Different PCIe x16 slot then?[/quotemsg]

i only have one PCEe x16 3.0 slot, the other one is 2.0 and it's kind of pointless to put GPU in it
 

kolokol220

Prominent
Jan 23, 2018
20
0
510


it's not the fan issue! the fans are set to always be at 100% efficiency, besides, my cover is opened so i can perfectly see and hear how they spin.

the overal way of how FAST the overheat goes - it is DEFINITELY NOT an issue with the airflow, if it was, it would took it at least somewhat more than A FEW SECONDS to reach almost 100 celsiums!!!
 

RobCrezz

Expert
Ambassador
I would say scan for malware, as that can hammer the GPU usage causing the temp to go up. But the fans should increase speed to combat the heat if its not been modified in Afterburner.

If you are sure its not a software issue, then replace the thermal paste on the gpu.
 

RobCrezz

Expert
Ambassador


I didnt get that from what you said...

Then how is it going to be a software issue, if its getting hot while the fans are maxed out?

Replace the thermal paste on the gpu if you think its not transferring heat correctly.
 

kolokol220

Prominent
Jan 23, 2018
20
0
510


i don't think thermal paste has anything to do with it, because prior to installing a driver for new device the GPU worked perfectly.

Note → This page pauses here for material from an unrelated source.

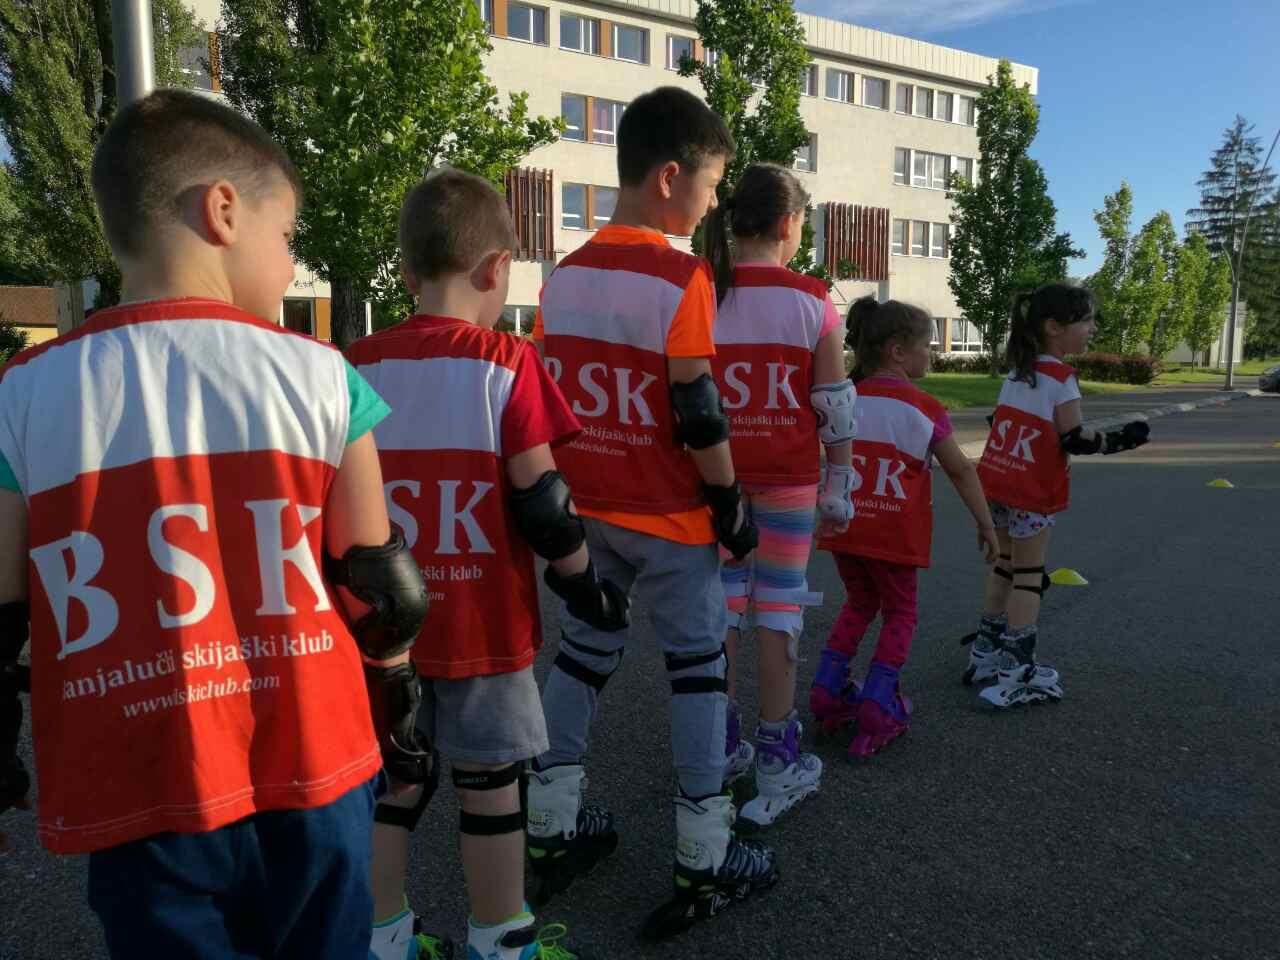 Ski klub BSK - skola rolera 2020-

I mean, thermal paste doesn't get outdated in an instant! I would've noticed the gradual decrease of cooling efficiency throughout a period of time, cuz i often check the graphs. It seems to me as if GPU started eating much more power than is supposed to, but it's not like PSU is damaged or can't feed my RIG.

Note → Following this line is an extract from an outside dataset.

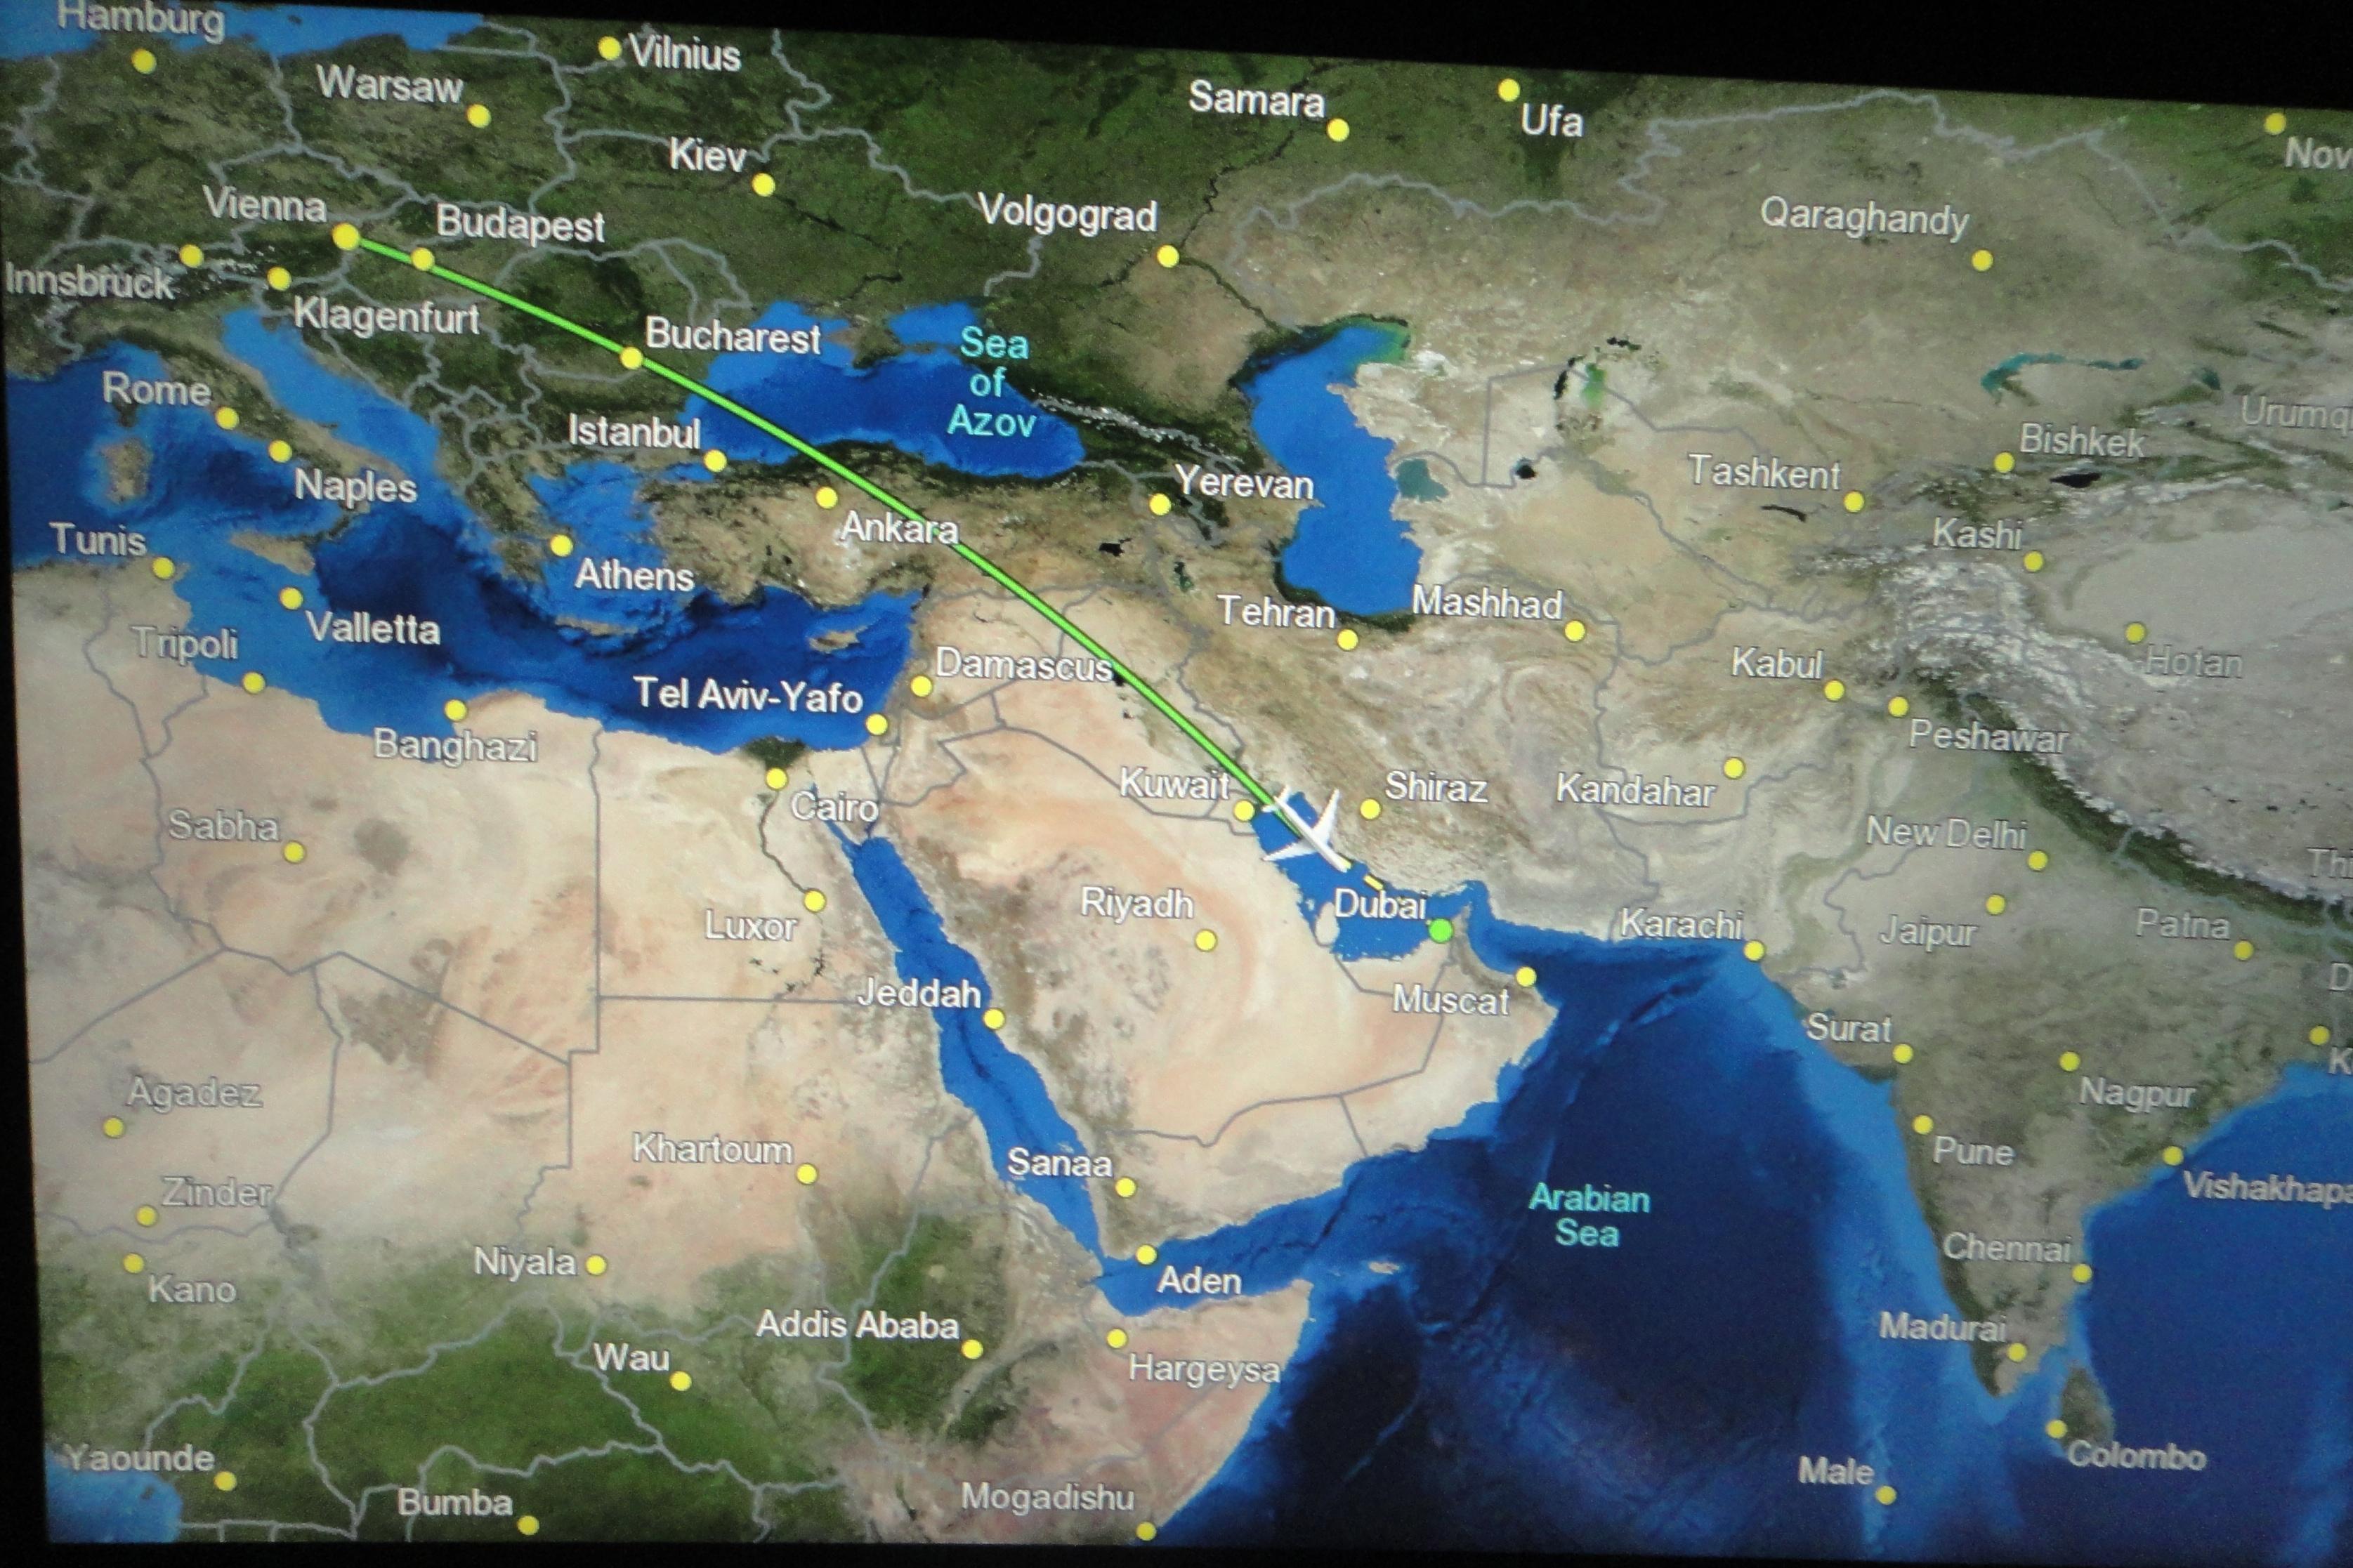 from Vienna to Dubai / von Wien nach Dubai

And i've already ran a malware scan and it didn't detect anything
 


That is a very good thought. You should check out voltages on GPU because it is most likely cause of such sudden temp increases (aside from failed temp sensor).
 

kolokol220

Prominent
Jan 23, 2018
20
0
510


okay, i did notice a spike. when card is in relaxed mode (135 mhz on gpu clock and 324 on mem clock) the voltage is a constand 843 mV. i gave the card a few seconds of load (1250 on gpu clock and 3750 on mem clock) and it jumped up to 1137 mV - at the same instant the the temp jumped up from 48 to 62 just as instantly. After a few more tests it became perfectly clear that voltage spike is connected to temp spike. If you leave voltage at 1137 where it jumps to, the temp rushes to maximum extremely fast, and just lowering the voltage back to 843 tames the temp back and it cools down in seconds.
p.s. to me it doesn't seem like such Voltage would be too high for this card
 


Correct, those voltages are perfectly fine.
 

kolokol220

Prominent
Jan 23, 2018
20
0
510


The temp actually starts getting cooled down before it reaches 843 mVolts. Sadly the refresh rate in real time monitoring is way too slow, but i did notice that at least on 1000 mV it already starts to cool down. Perhaps some gpu bios setting went damaged, and what i should do is find the critical point on Voltage and put and lock it there in bios?